Headpieces can signify status, origin, religious/spiritual beliefs, social grouping, team affiliation, occupation, or fashion choices.

In many cultures, covering the head is seen as a sign of respect. Often, some or all of the head must be covered and veiled when entering holy places or places of prayer. For many centuries, women in Europe, the Middle East, and South Asia have covered their head hair as a sign of modesty. This trend has changed drastically in Europe in the 20th century, although is still observed in other parts of the world. In addition, a number of religions require men to wear specific head clothing—such as the Islamic taqiyah, Jewish yarmulke, or the Sikh turban. The same goes for women with the Muslim hijab or Christian nun's habit.

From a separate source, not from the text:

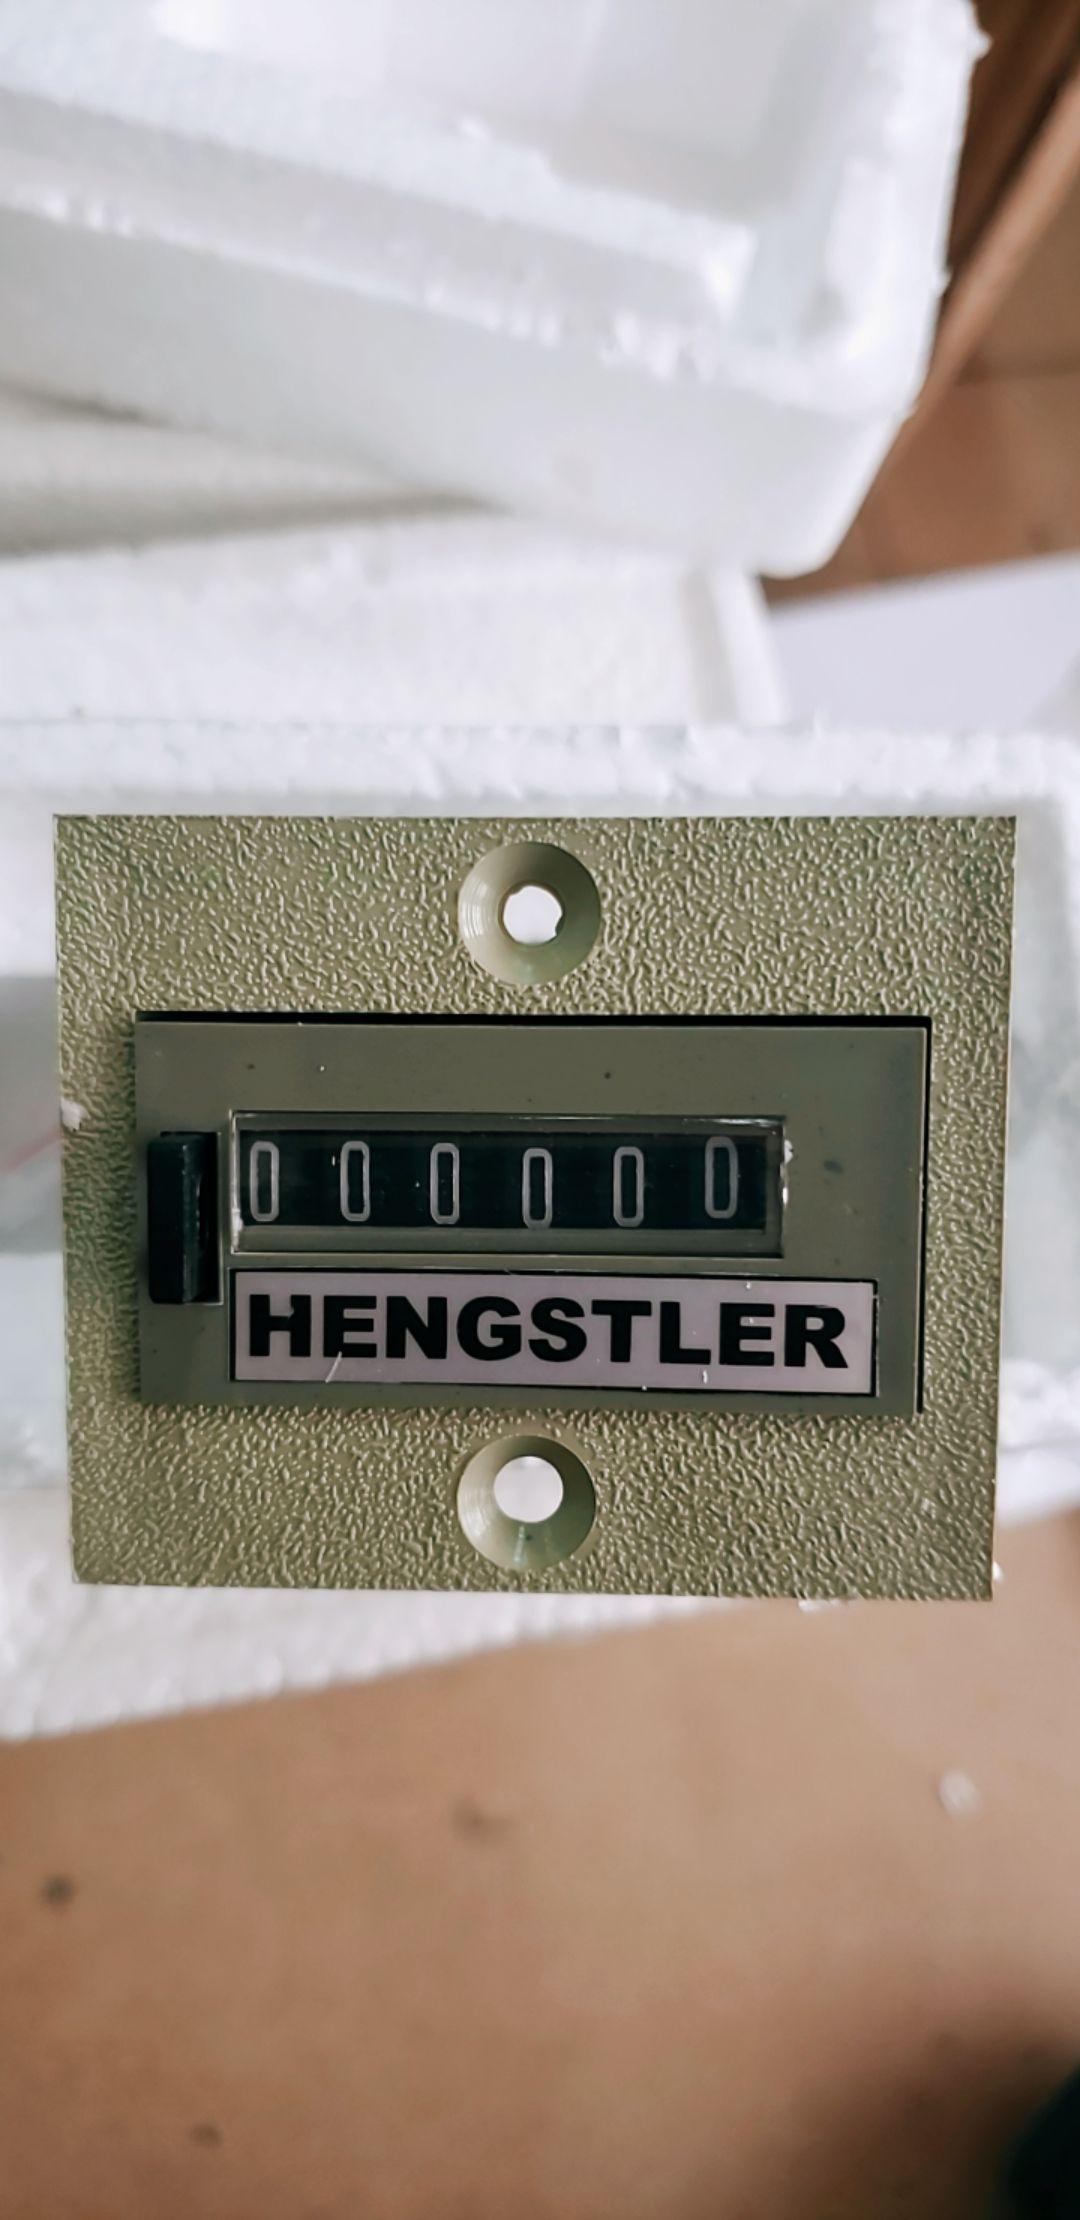 亭士樂海瑞克齒輪油顯示器銷售

A hat is a head covering that can serve a variety of purposes. Hats may be worn as part of a uniform or used as a protective device, such as a hard hat, a covering for warmth, a covering that meets sensory needs in some neurodivergent people, or a fashion accessory. Hats can also be indicative of social status in some areas of the world.

===Anthropometry===

While numerous charts detailing head sizes in infants and children exist, most do not measure average head circumference past the age of 21. Reference charts for adult head circumference also generally feature homogeneous samples and fail to take height and weight into account.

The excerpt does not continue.